== Dataset content ==

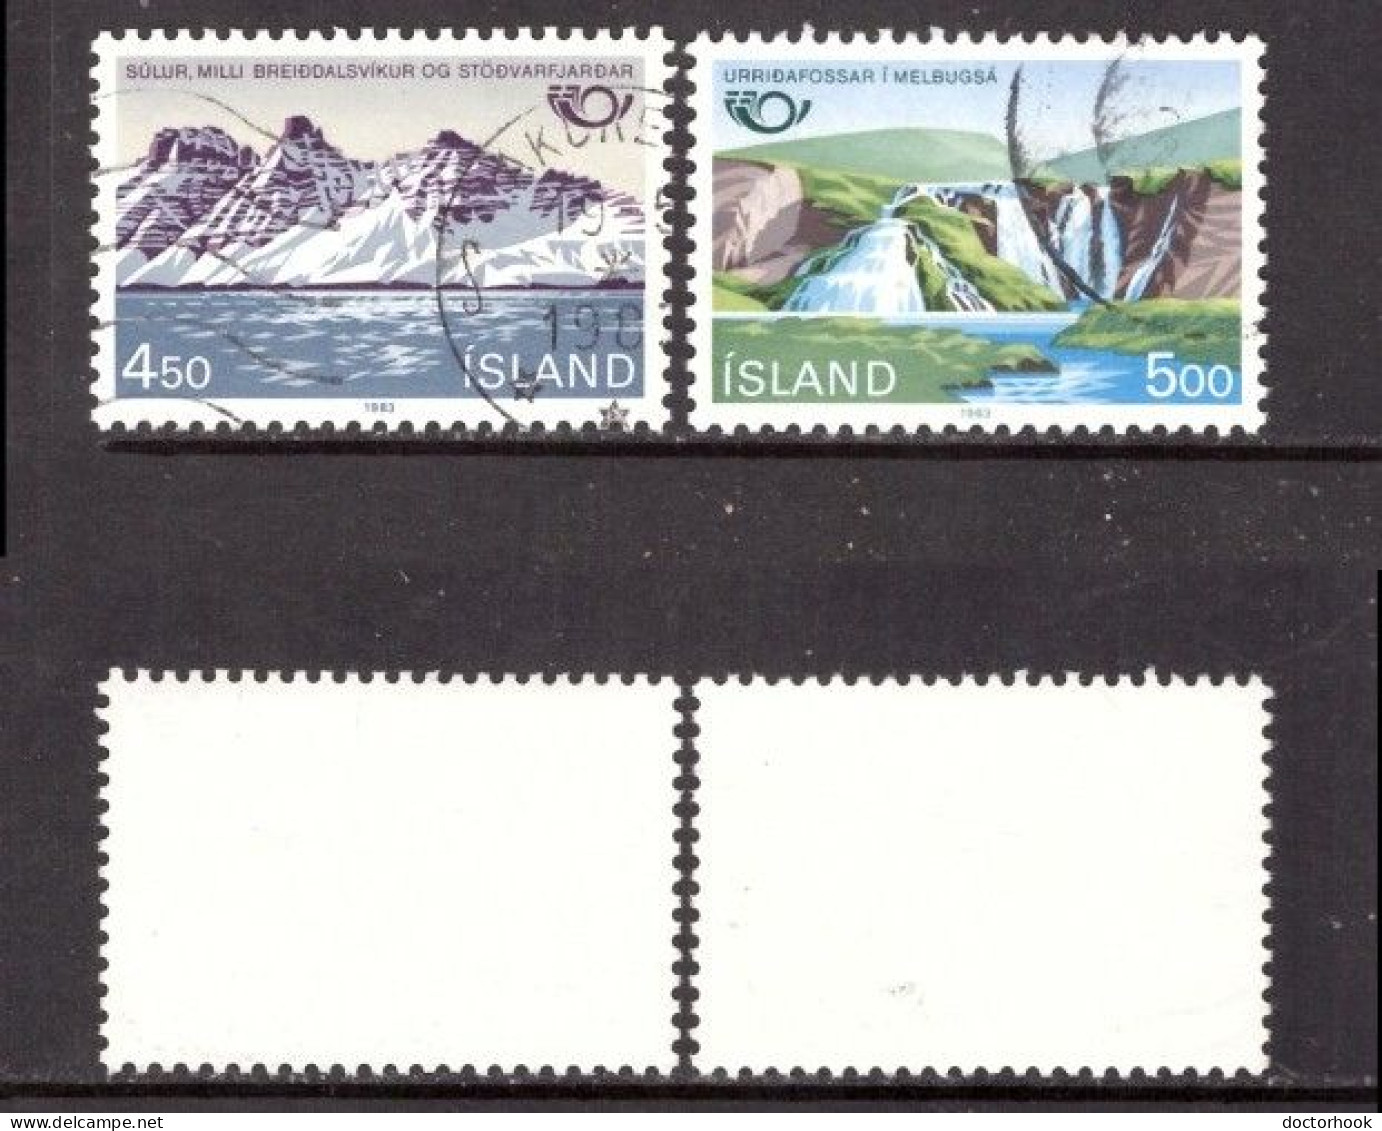 ICELAND   Scott # 571-2 USED (CONDITION AS PER SCAN) (Stamp Scan # 965-8) - Oblitérés
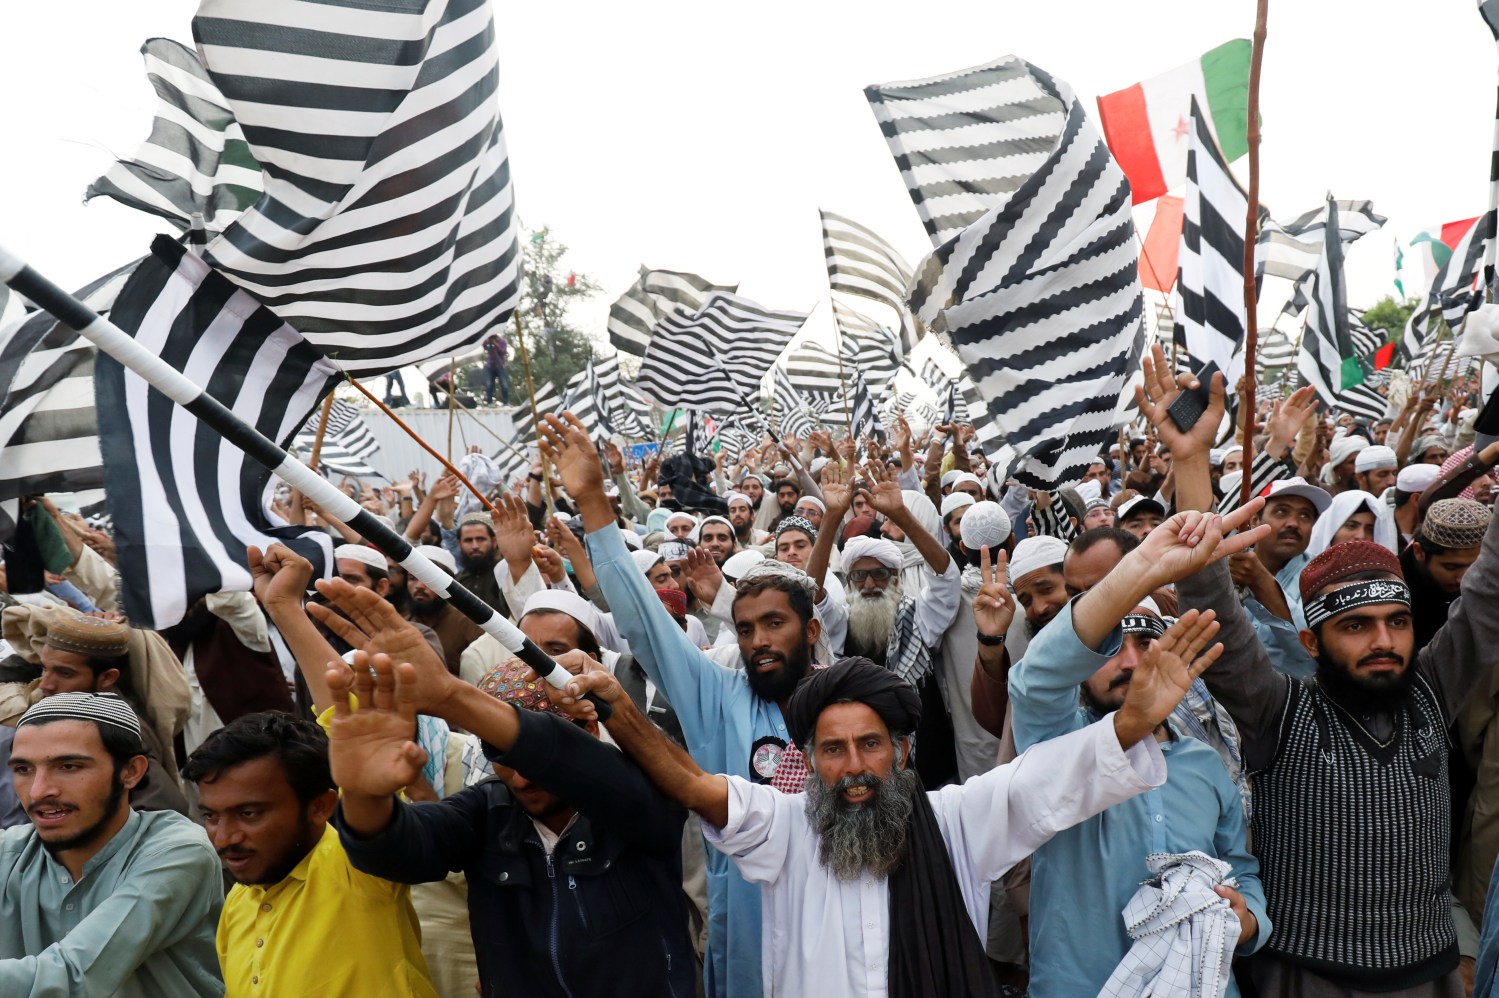 Supporters of religious and political party Jamiat Ulema-i-Islam-Fazal (JUI-F) wave flags and chant slogans during what participants call Azadi March (Freedom March) to protest the government of Prime Minister Imran Khan in Islamabad, Pakistan November 2, 2019. REUTERS/Akhtar Soomro - RC14C39D0790
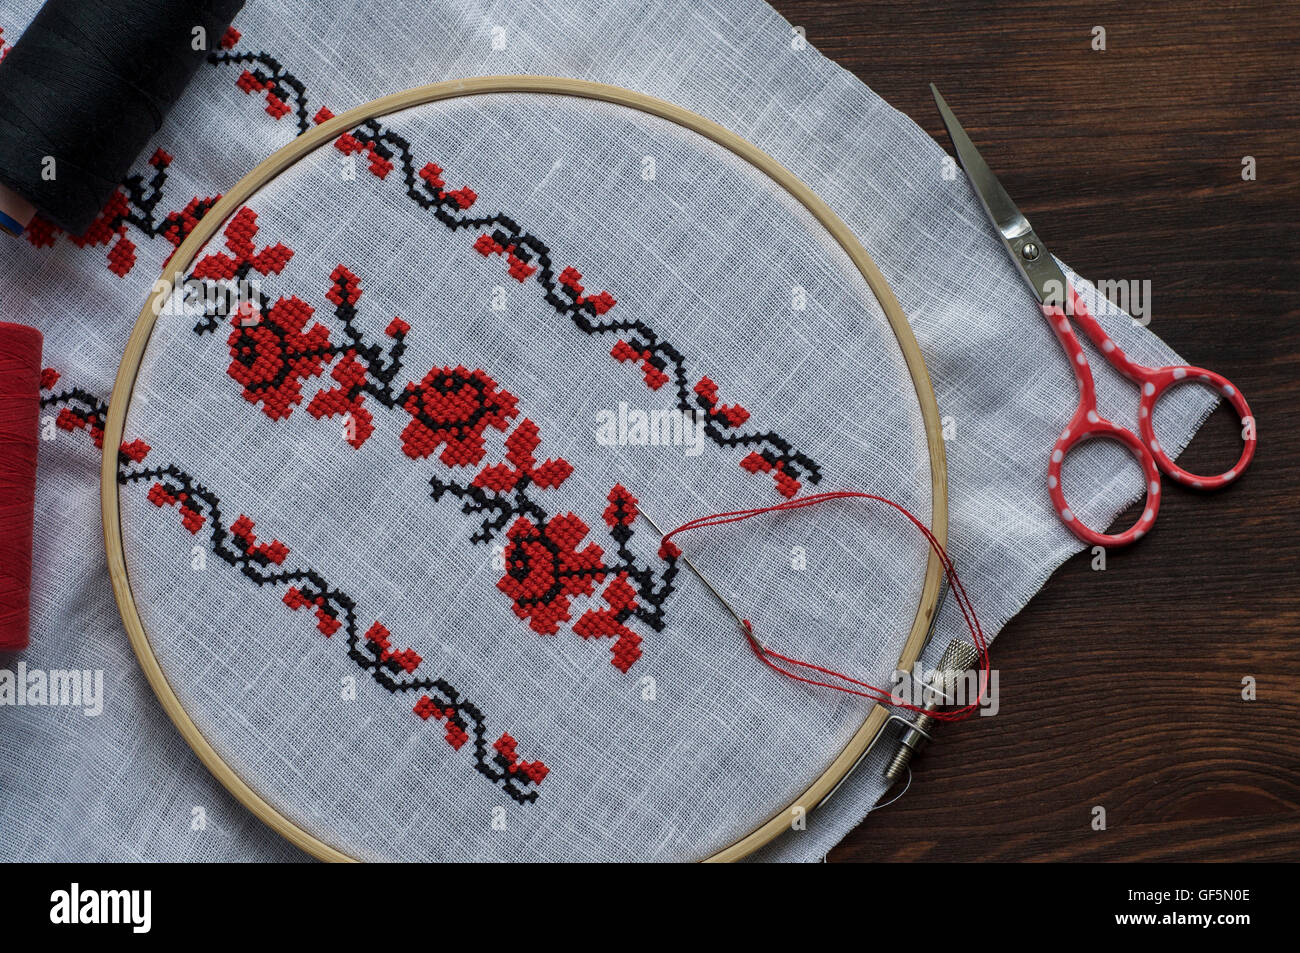 Hand embroidery cross-stitch flower ornament on a white fabric in the wooden embroidery hoop, top view Stock Photo
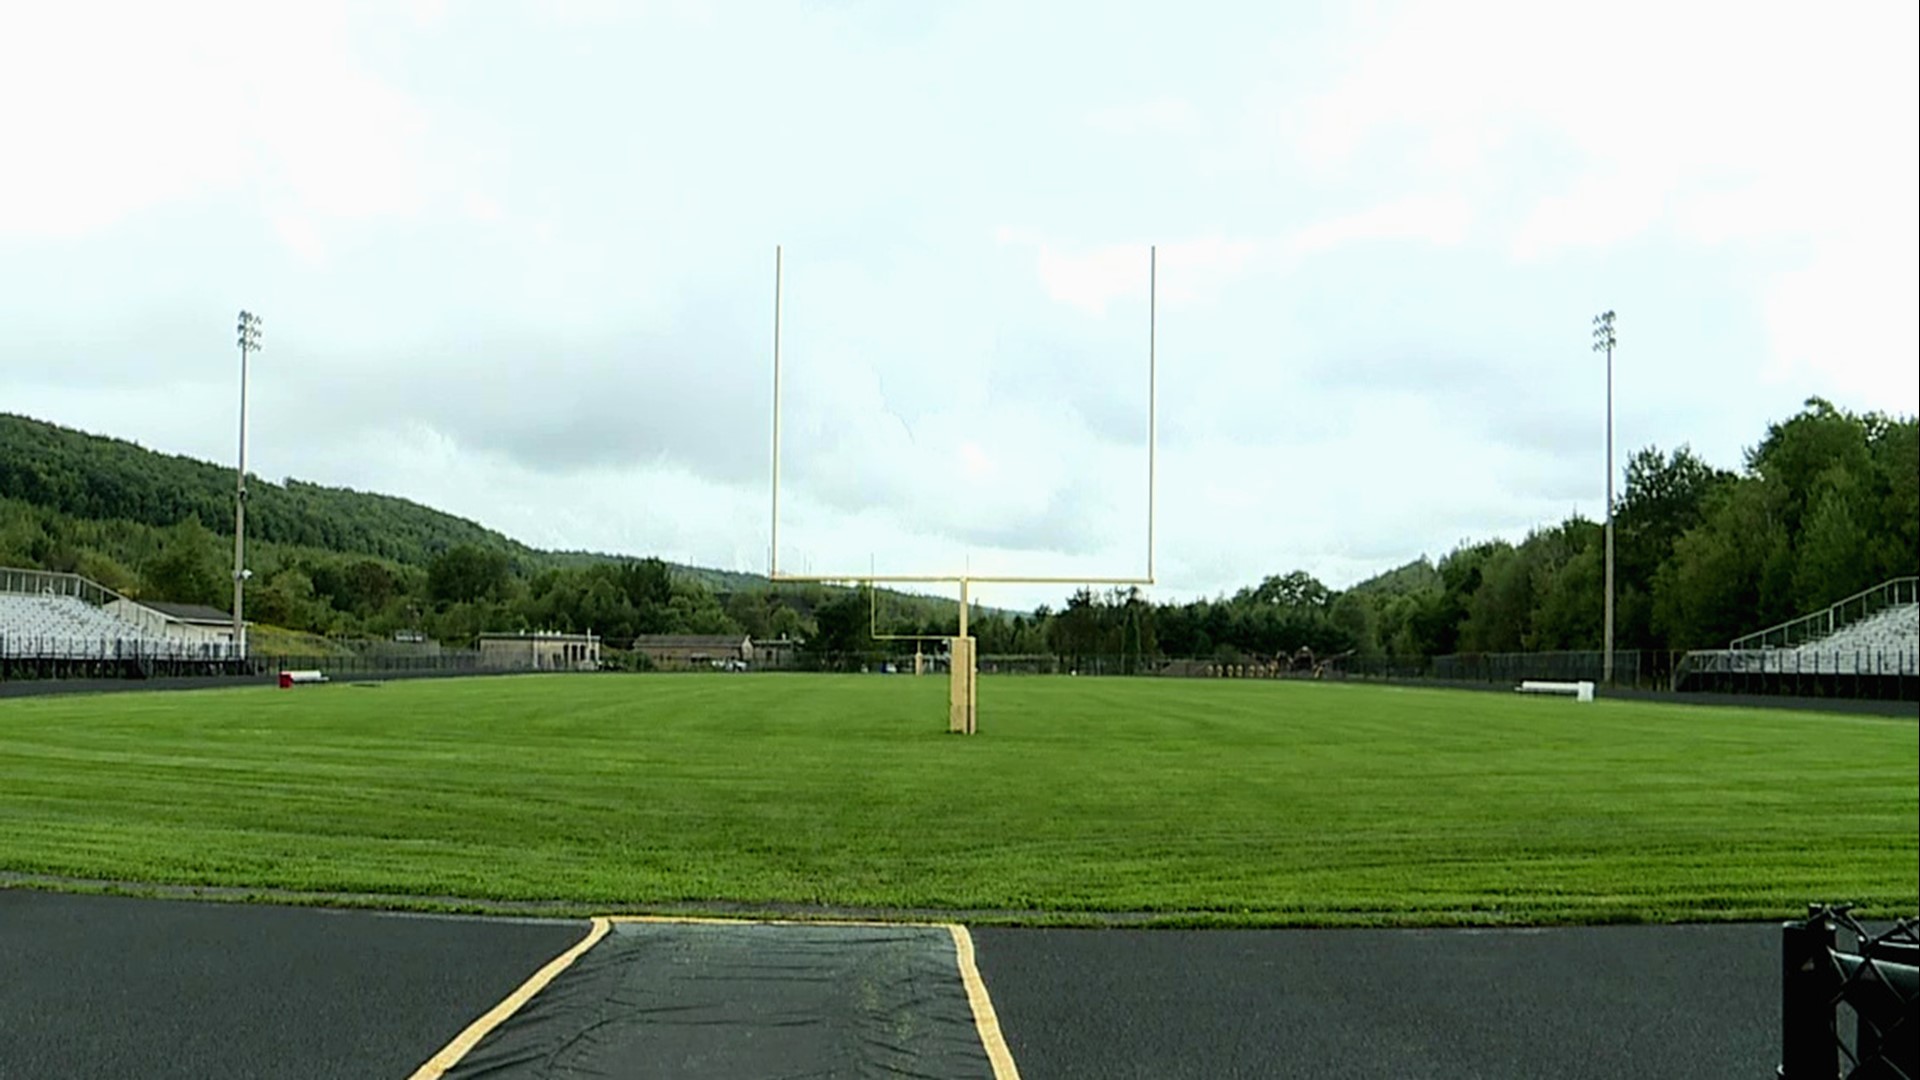 Leading up to game day, coaches and athletic directors will have to work together to stay under Gov. Tom Wolf's restriction of 250 people maximum at games.

===

The whole listing above must be set down again exactly, but without its images.

 ICELAND   Scott # 571-2 USED (CONDITION AS PER SCAN) (Stamp Scan # 965-8) - Oblitérés
 Supporters of religious and political party Jamiat Ulema-i-Islam-Fazal (JUI-F) wave flags and chant slogans during what participants call Azadi March (Freedom March) to protest the government of Prime Minister Imran Khan in Islamabad, Pakistan November 2, 2019. REUTERS/Akhtar Soomro - RC14C39D0790
 Hand embroidery cross-stitch flower ornament on a white fabric in the wooden embroidery hoop, top view Stock Photo
 Leading up to game day, coaches and athletic directors will have to work together to stay under Gov. Tom Wolf's restriction of 250 people maximum at games.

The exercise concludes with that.